I just checked argo again and the issue actually came back, sorry for the confusion!

pschichtel avatar Jun 25 '24 20:06 pschichtel

Okay that makes more sense, I'm not seeing any relevant changes in k8s or metrics-server.

I spent a bunch of time today trying to de-dupe OpenAPI models before feeding them to GVKParser. It avoids the NewGVKParser error, but apparently some models (like DeploymentSpec are disappearing from the GVKParser's schema), so I'm getting other failures during diff construction.

Working on it though.

crenshaw-dev avatar Jun 25 '24 21:06 crenshaw-dev

I'm working on the fix and have written up a description of the issue here: https://github.com/argoproj/gitops-engine/pull/587/files#diff-bbeadede3a86f27922253617b66c49b7672bb52896a10cf5626b398fa0fa9280

I'm trying to decide between just logging the dropped duplicate GVKs or also surfacing to the user that their diff might be wrong due to duplicate GVKs. So far I'm trying to surface it to the user, but might end up being more code than it's worth.

A couple open questions:

  1. Should aggregated APIs like metrics-server even include definitions for things like APIResourceList in their OpenAPI doc? afaik, that type isn't directly used in any of the API's user-facing functions. Maybe it's for Kubernetes' benefit, doing discovery?
  2. Would constructing proto.Models from an OpenAPI v3 doc make these problems go away? I haven't tested, because I'm not sure how to construct a full OpenAPI v3 doc from the per-type docs currently served by k8s. Even if I did construct that doc, I'm not confident that it wouldn't hit the same duplicate GVK issue when constructing the GVKParser.
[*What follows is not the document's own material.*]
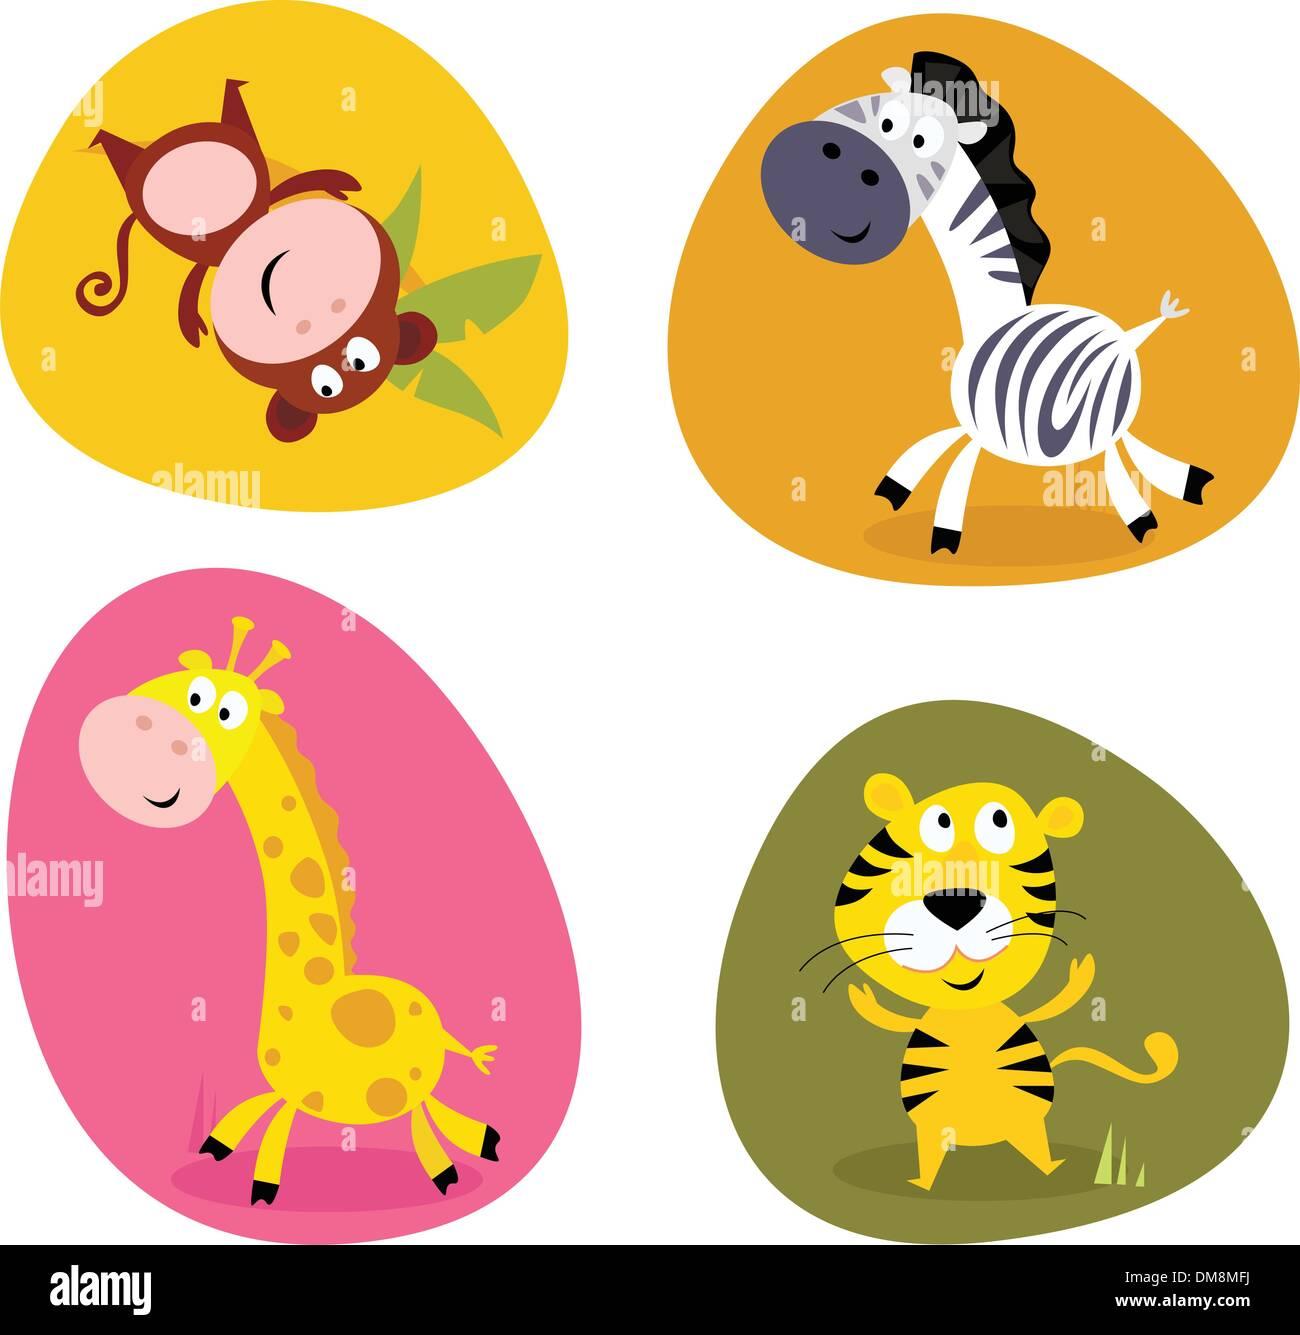 Illustration set of cute safari animals: monkey, tiger, giraffe and zebra Stock Vector

crenshaw-dev avatar Jun 26 '24 22:06 crenshaw-dev

The issue seems to still be there for Rollout, analysisRunMetadata field (see the screenshot). Screenshot 2024-06-30 at 8 34 28 AM I've build a custom image from latest master (+1 cherry pick), ArgoCD pods were updated, even Redis ones. Update: I'd wait for a bit in case it's a stale UI issue.

andrii-korotkov-verkada avatar Jun 30 '24 15:06 andrii-korotkov-verkada

The app eventually got in sync.

andrii-korotkov-verkada avatar Jun 30 '24 15:06 andrii-korotkov-verkada

I can also confirm the issue is gone. thanks!

pschichtel avatar Jul 03 '24 22:07 pschichtel